Nation/world briefs 7/1/04

Thursday, July 1, 2004

Fire in Arizona threatens mountain town, homes

PAYSON, Ariz. -- Fire crews burned trees and brush around this mountain town of 14,000 on Wednesday to keep a spreading wildfire from coming any closer. Seventeen buildings, including homes, barns and sheds, were considered threatened by the fire, which remained five miles away, said a fire crew member. The fire has burned roughly 32,000 acres and was considered only 3 percent contained.

Military launches strike at terror leader hideout

BAGHDAD, Iraq -- The U.S. military launched another airstrike early today against a suspected hideout of terrorist mastermind Abu Musab al-Zarqawi in Fallujah. It was the fourth attack since June 1 against targets in the city. Brig. Gen. Mark Kimmitt, deputy operations director for the multinational force, said the attack was carried out after "multiple confirmations of Iraqi and multinational intelligence."

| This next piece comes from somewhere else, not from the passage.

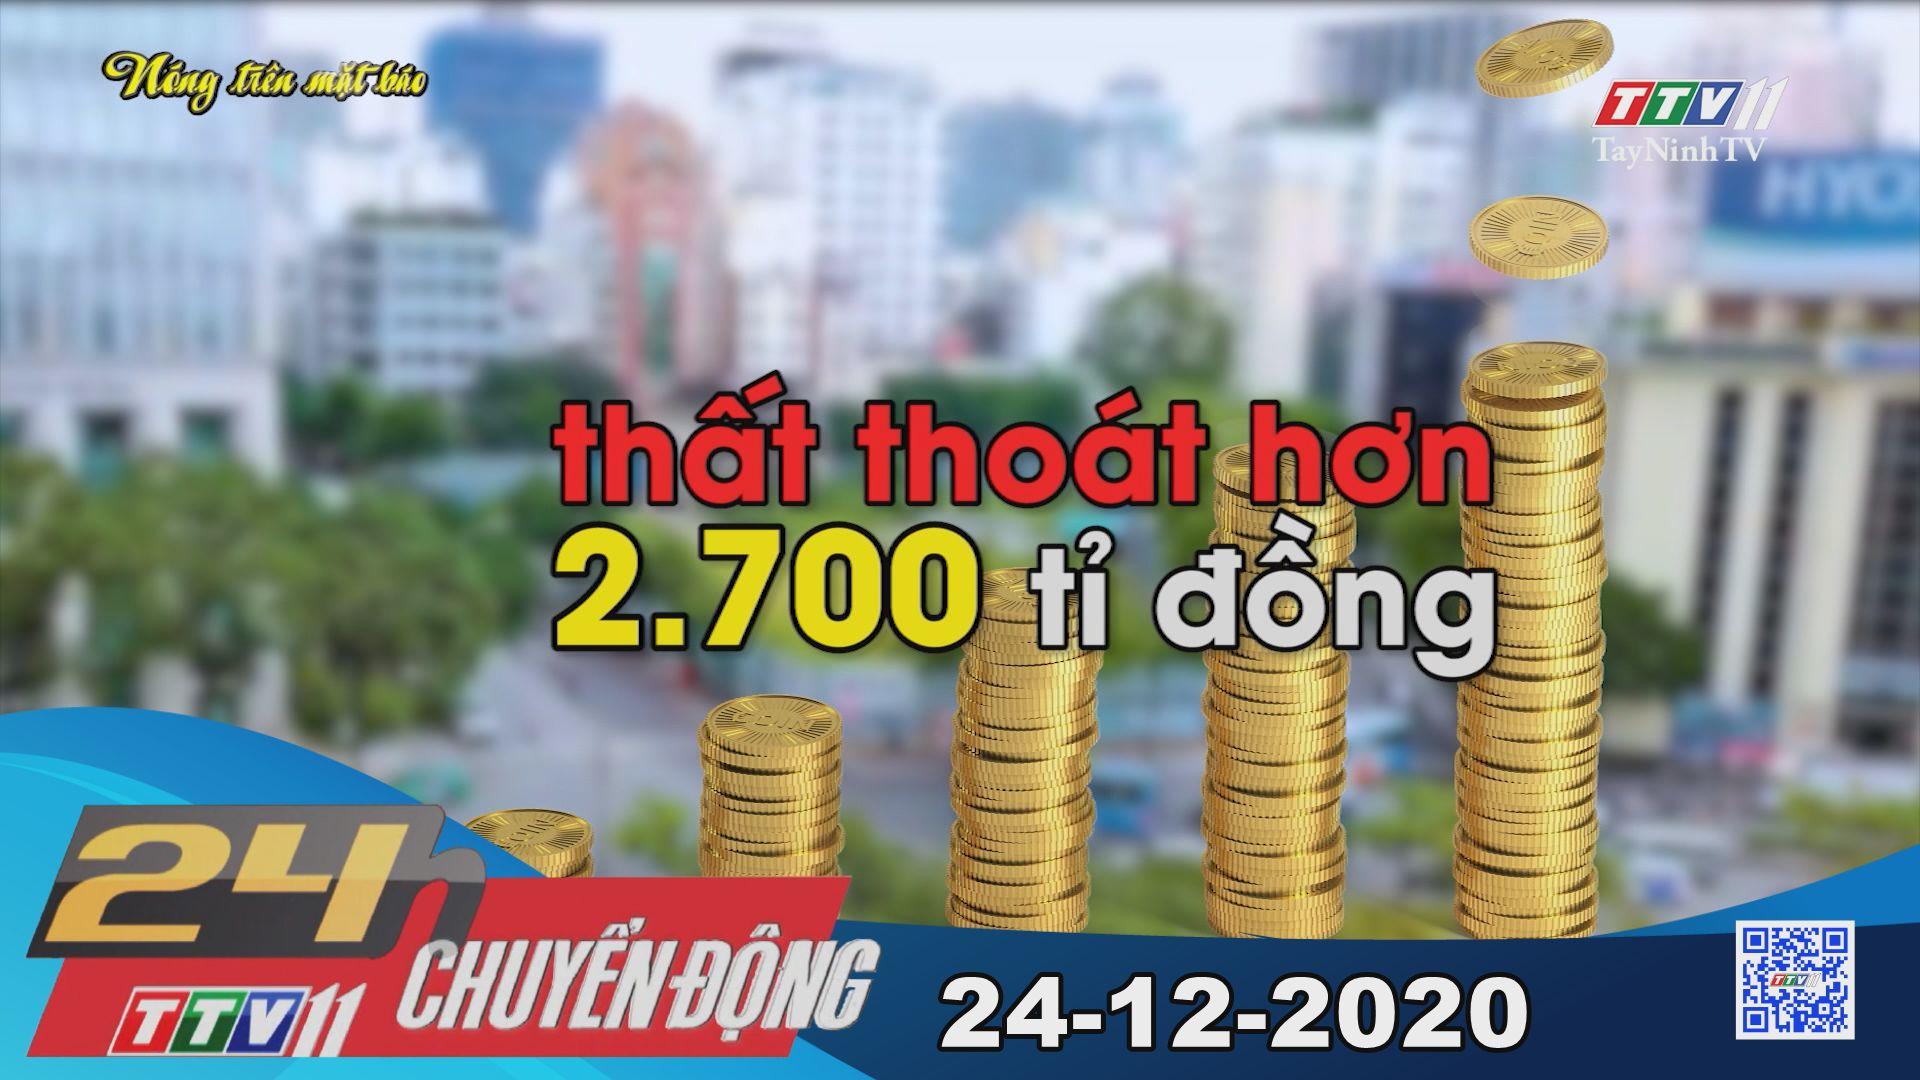 24h Chuyển động 24-12-2020   Tin tức hôm nay   TayNinhTV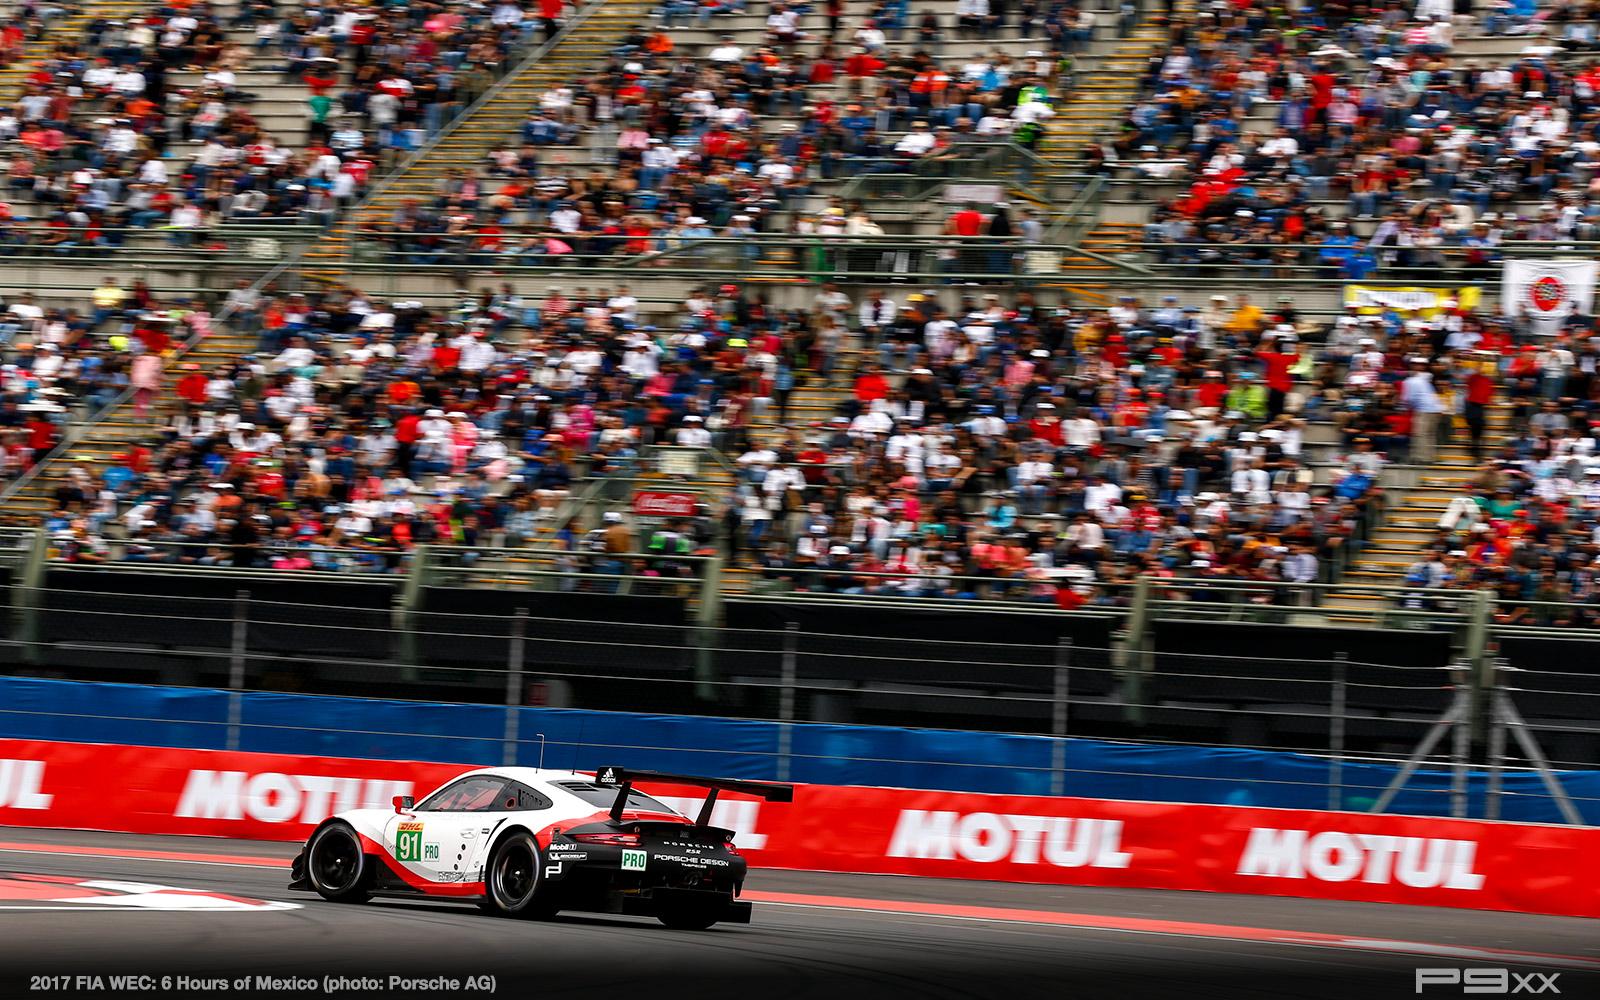 2017-FIA-WEC-6-HOURS-MEXICO-PORSCHE-1375

Authorities find 28 illegals at small hotel

LOS ANGELES -- Police found 28 suspected illegal Mexican immigrants who were being held by smugglers at a small hotel, authorities said. The smugglers fled before police arrived Tuesday night at the Polaris Hotel in South Los Angeles, Sgt. Michael Parlor said. The immigrants had arrived in the United States in recent days, said Marie Sebrechts, an Immigration and Customs Enforcement spokeswoman. There were 25 men, two women and one child in two rooms.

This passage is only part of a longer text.